Sheila Singh still remembers the first patient she lost to metastatic brain cancer—a 34-year-old mother whose final months were marked by seizures, confusion, and a treatment plan that could do little more than ease her suffering. That memory drives her relentless pursuit of prevention. Now, Singh and her team at King’s College London and McMaster University have taken a major step forward with a new class of drug candidates that could stop cancers from spreading to the brain before they take hold—by precisely targeting an enzyme called IMPDH2. This approach, detailed in the Proceedings of the National Academy of Sciences, offers new hope for patients facing one of oncology’s most devastating complications.

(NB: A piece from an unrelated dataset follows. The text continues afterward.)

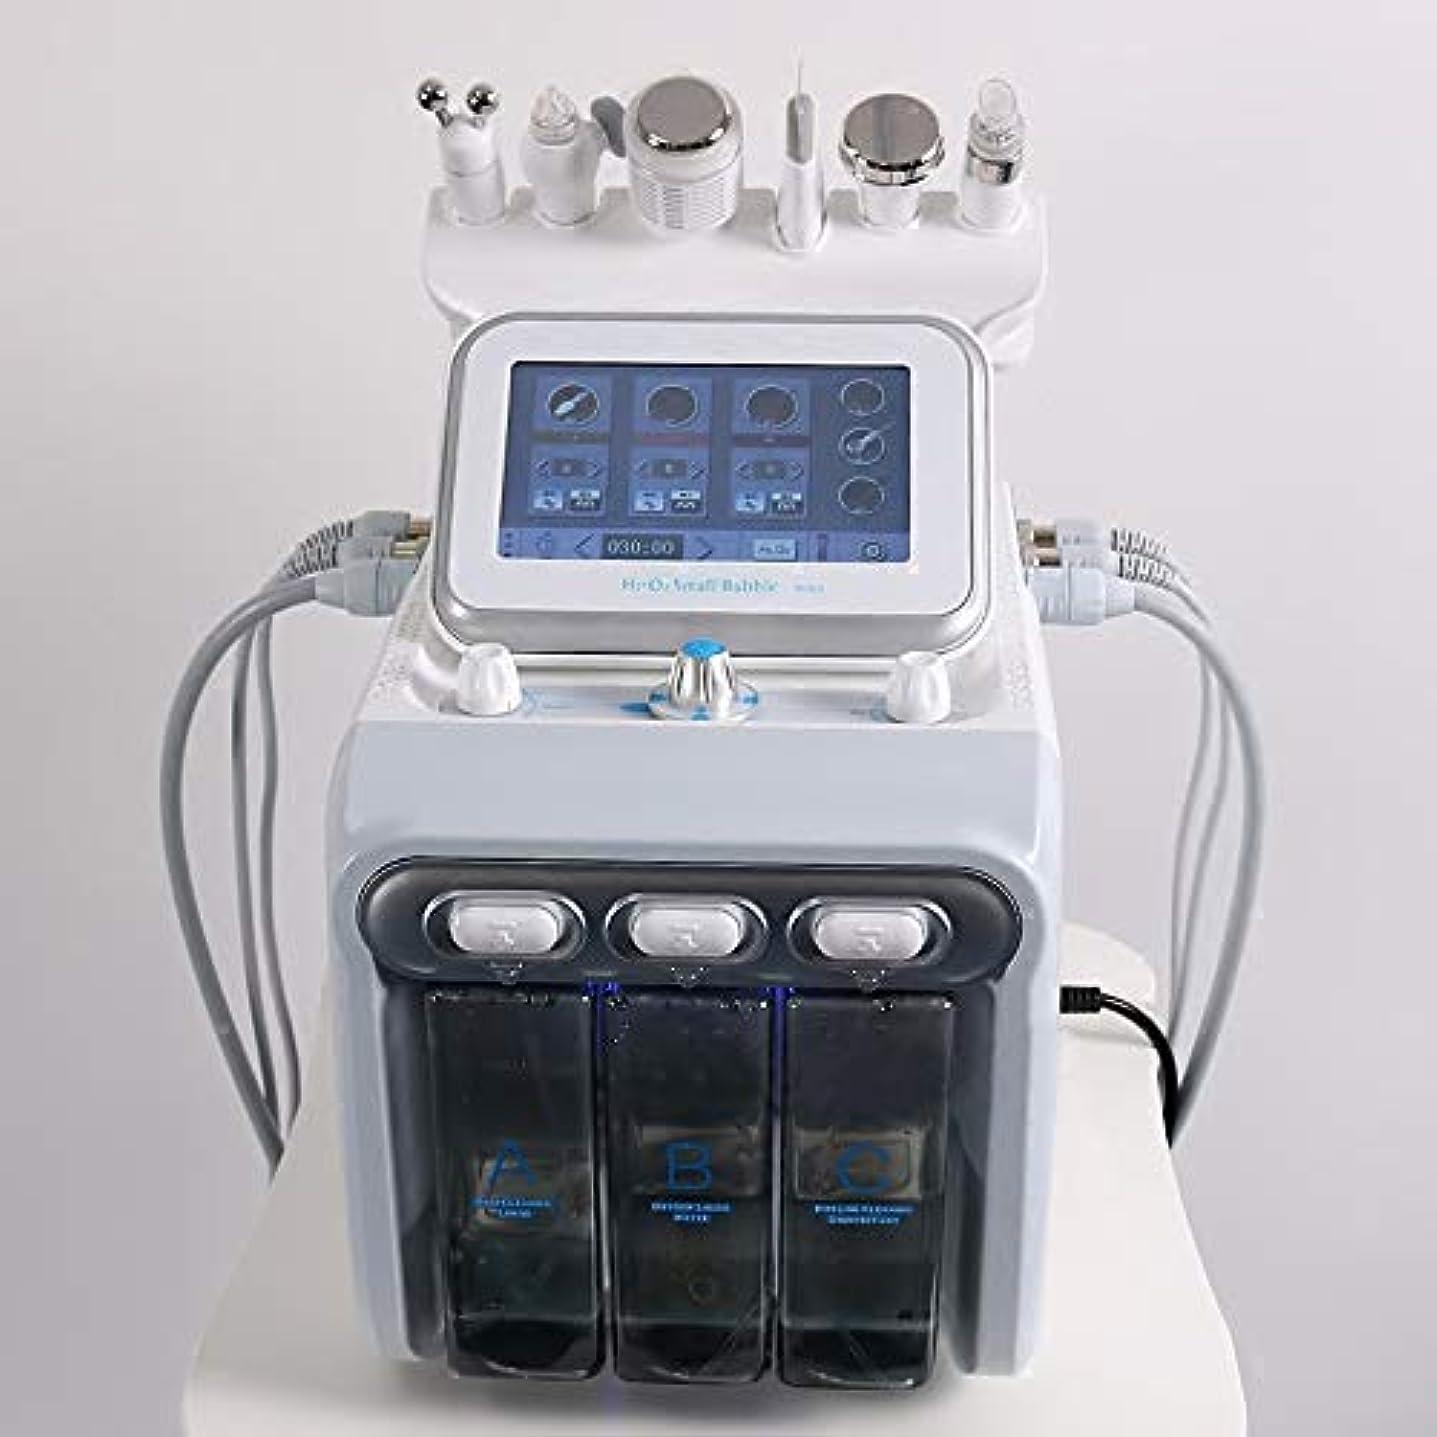 意識昨日必要ない6 In1 H2-O2ハイドロダーマブレーションRFバイオリフティングスパフェイシャルハイドロマイクロダーマブレーションマシン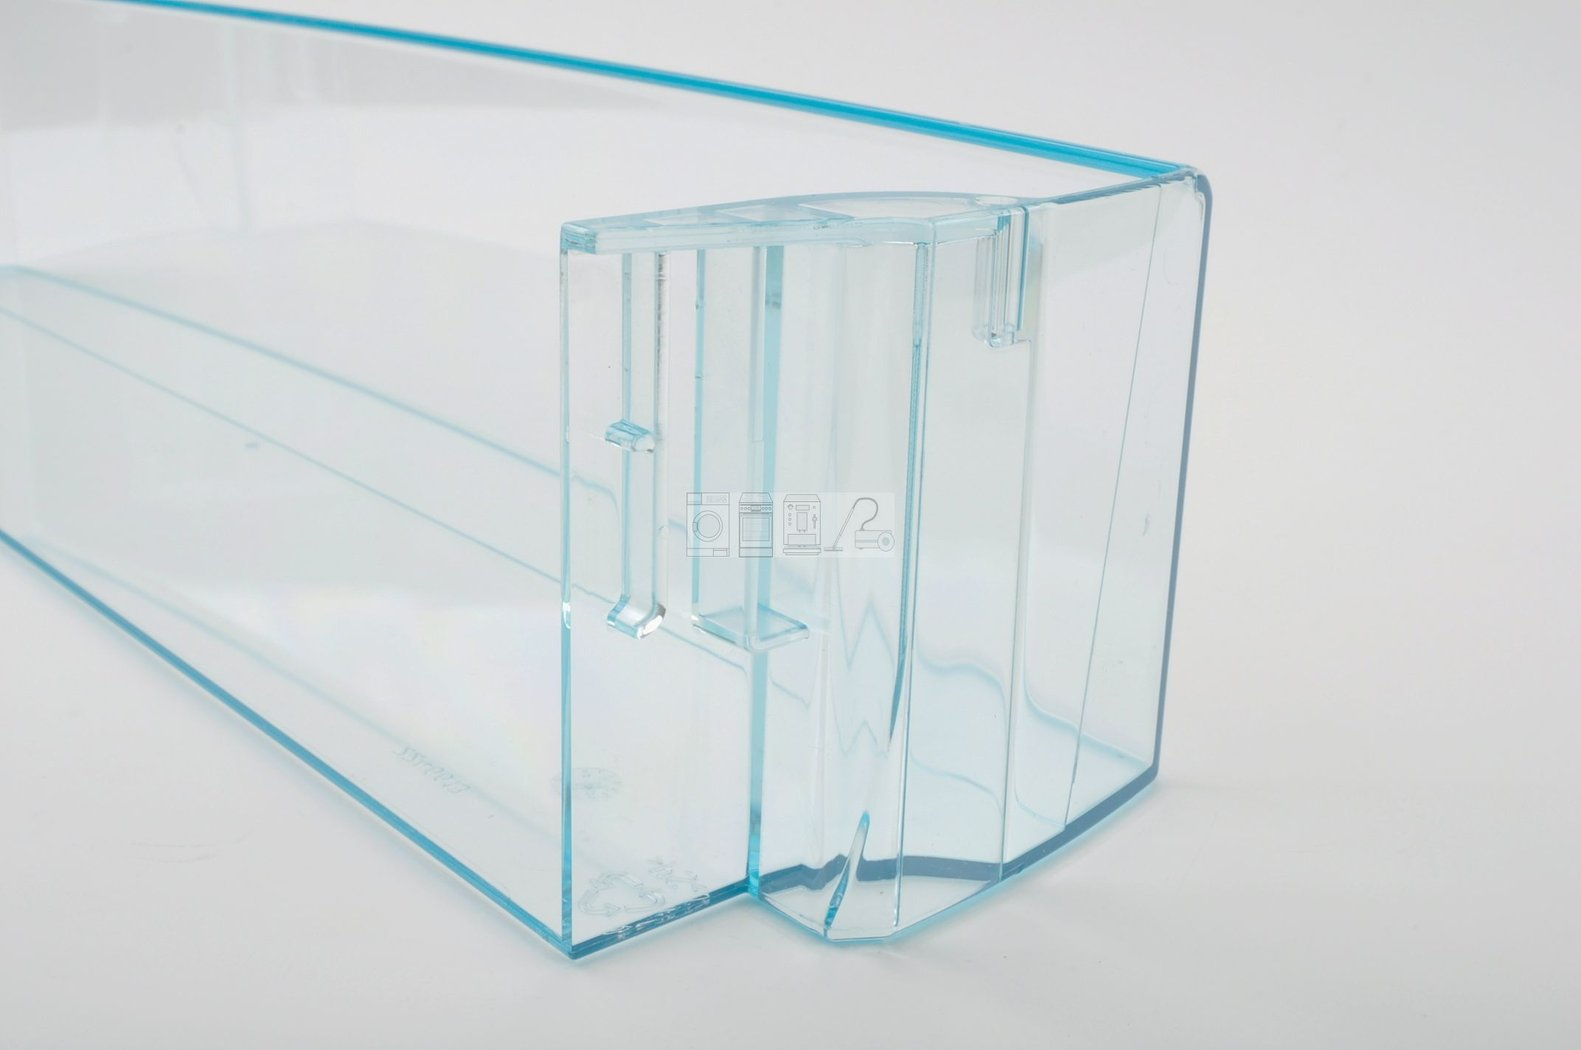 Gorenje Kühlschrank Ersatzteile Türfach : Gorenje kühlschrank ersatzteile griff gorenje kühl gefrierschrank

Brain metastases, which occur when cancers from the lung, breast, or skin travel to the brain, are the most common type of brain tumor in adults. Despite their prevalence, treatment options remain limited and largely palliative, with 90% of patients dying within a year of diagnosis. Current therapies often damage healthy brain tissue or suppress the immune system, leaving patients weakened and vulnerable. Singh’s team is flipping the script: instead of treating established tumors, they aim to intercept cancer cells before they even reach the brain.
The key lies in IMPDH2, an enzyme critical to the survival of cancer cells poised to metastasize. While earlier drugs targeted both forms of IMPDH—IMPDH1 and IMPDH2—they caused widespread side effects because IMPDH1 is essential for healthy immune function. The breakthrough here is selectivity: the new compounds developed by Singh’s team and the McMaster spinout Block Biosciences specifically inhibit IMPDH2, which is overexpressed in metastatic cancer cells but scarce in healthy tissues. This precision could mean stopping cancer without compromising immunity.
Agata Kieliszek, a postdoctoral fellow at McMaster and head of biology at Block Biosciences, explains: “Taking a highly selective approach to eliminating these cancer-initiating cells allows us to strike the right balance between effectiveness and safety.” The team has already synthesized several hundred drug candidates, narrowing in on the most promising compounds for preclinical testing. These efforts are jointly led by medicinal chemists at McMaster and Block, accelerating the path toward clinical trials.
The implications are profound. If successful, this preventive strategy could transform metastatic brain cancer from a death sentence into a preventable condition—especially for high-risk patients, such as those with advanced breast or lung cancer. The work builds on Singh’s earlier research, creating a growing foundation for interception therapy. As drug development progresses, the focus remains clear: stop cancer not when it arrives, but before it leaves.